2 mile w/u
Target: 12 mile progression: 3@ 6:30, 3@ 6:15, 3@6:00, 3@ faster
Actual: ~3@ 19:10; ~2.5 @15:03; ~2.5@ 14:26; ~3@ 17:30; bonus fast finish to the stoplight at the top of the hill by Salem State @3:38
1.5 mile c/d
Total: 15 miles
I considered doing this workout yesterday evening since Emily made plans to come up to Salem and run with me for a change of scenery. However, in general I prefer working out (especially marathon workouts) in the morning, so by Tuesday afternoon I was already hoping that she would agree to a more relaxed social run instead. Fortunately she was on the same page (no doubt running a whopping 28 miles on Monday played into her decision-making process) so we enjoyed a fun 13-mile frolic through the Marblehead rail trail, around the Neck and back. Though this run was at least twice as far as I usually go on my typical evening double, it was totally worth it for the company and the opportunity to enjoy a beautiful sunset over the Atlantic.
In contrast, Wednesday morning dawned gray and dreary and decidedly solo. With Jordan's hip bugging him, my one chance of having a weekday morning workout buddy had instantly evaporated. As I trotted down toward the trail, retracing in reverse the return trip Emily and I had taken a mere 12 hours prior, I knew this lengthy progression run would be just as much a test of mental fortitude as it would be physical strength. Fortunately/unfortunately, with no Garmin and no specific mile or distance markers the endeavor would be largely effort-based. I decided to mentally and physically break up the route into four separate segments: the largely unpaved and slightly downhill section from the trailhead to the Neck, two paved and rolling loops of the Neck itself (minus the "lollipop" add-on to the lighthouse that Emily and I had tacked on the previous evening) and then the return trip, now slightly uphill and into the wind, from the Neck back to the termination of the trail. Normally that would also signal the end of the hard effort, but Jordan had also instructed me to run the next half-mile uphill section from the end of the trail to the next major street crossing hard. "Like, really really hard." If I had anything left, that is.
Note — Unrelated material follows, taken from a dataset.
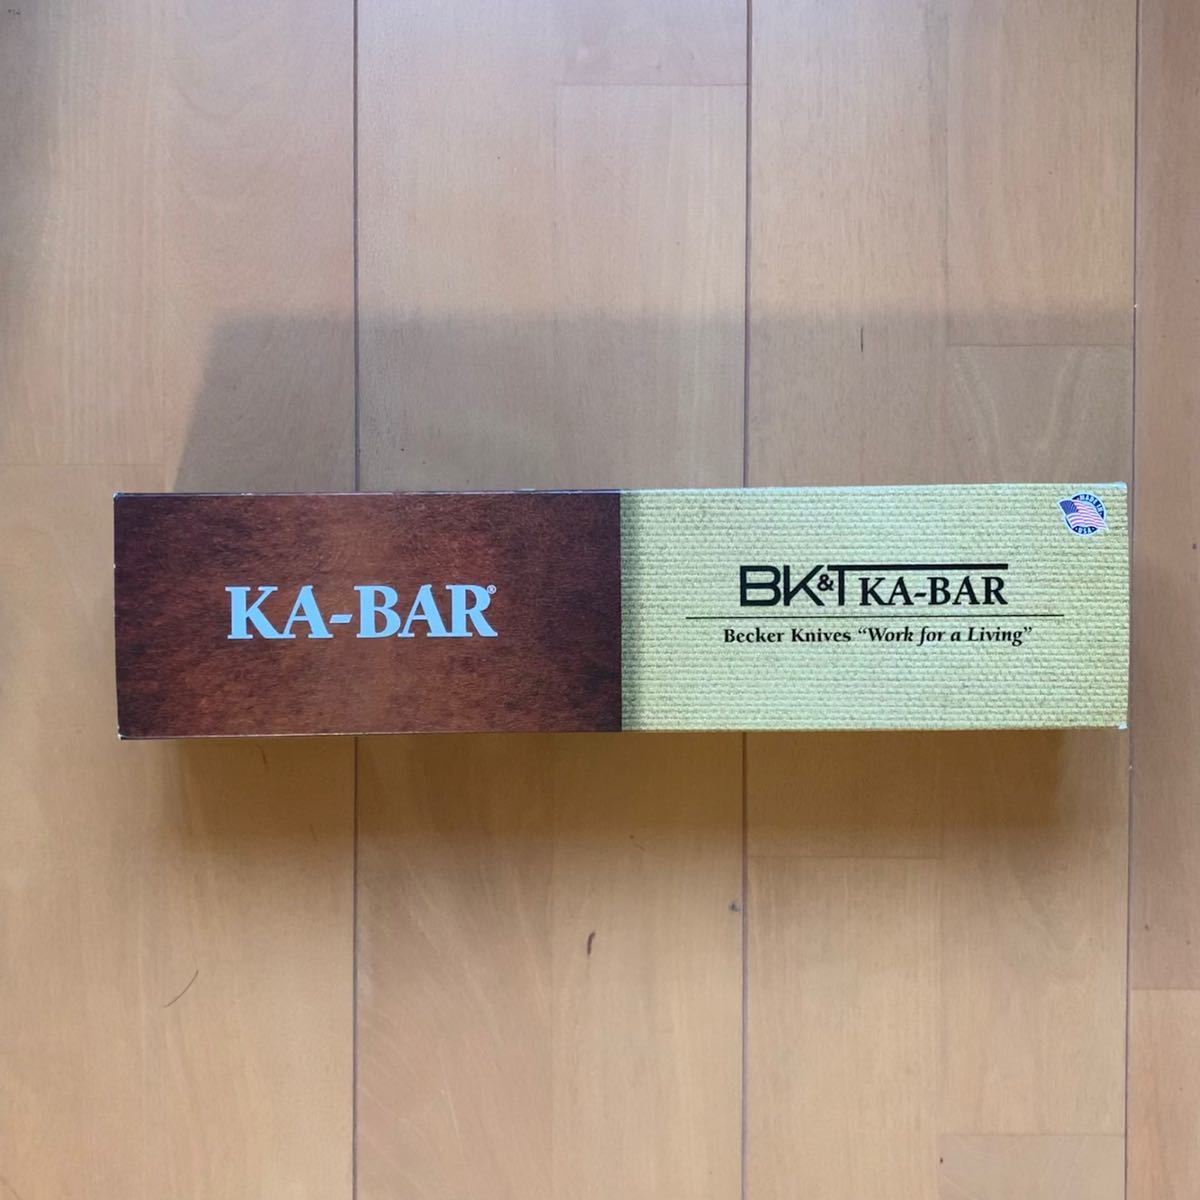 ka-bar ケーバーナイフ ベッカーBK2 ハンティングナイフ サバイバルナイフ

Based on feel, I might have gone out slightly too fast. 6:30 is sort of an ambiguous pace for my legs, one that sounds like it should be difficult but usually ends up feeling quite easy. As a result, in situations like this when I don't have any feedback on the pace, it usually means I end up running faster than prescribed. I didn't necessarily mind since my legs were feeling pretty good, but at the same time in the back of my head I knew that the faster I ran on the way out, the faster I would be required to run on the return trip. Nonetheless, I reached the Neck eager to pick up the pace and increase my level of effort. Thanks to its constantly rolling terrain, that happened quickly enough. Again, I maintained control knowing I was expected to run the second loop faster despite the accumulated fatigue. With only a general knowledge of distance and pace any time goals were somewhat arbitrary, but I set a target on the second loop of finishing at least 30 seconds faster than the first loop of 15:03. Satisfied to see a 14:26 split on the watch, I knew the toughest running was yet to come. Not only would I be headed into a headwind across the causeway, but I would also be running gradually uphill for the majority of the return trip. It would've been easy to get discouraged as my comfort zone quickly evaporated, but the minutes ticked by quicker than expected and I held on to finish strong all the way to the top of the hill.
To be honest, this wasn't nearly as bad (or as boring) as I'd anticipated. Mentally breaking the workout up into four sections made the time fly, and not feeling pressure to hit exact splits allowed me to lose myself completely in the effort. As my marathon training progresses, I look forward to revisiting this workout and seeing some tangible improvements.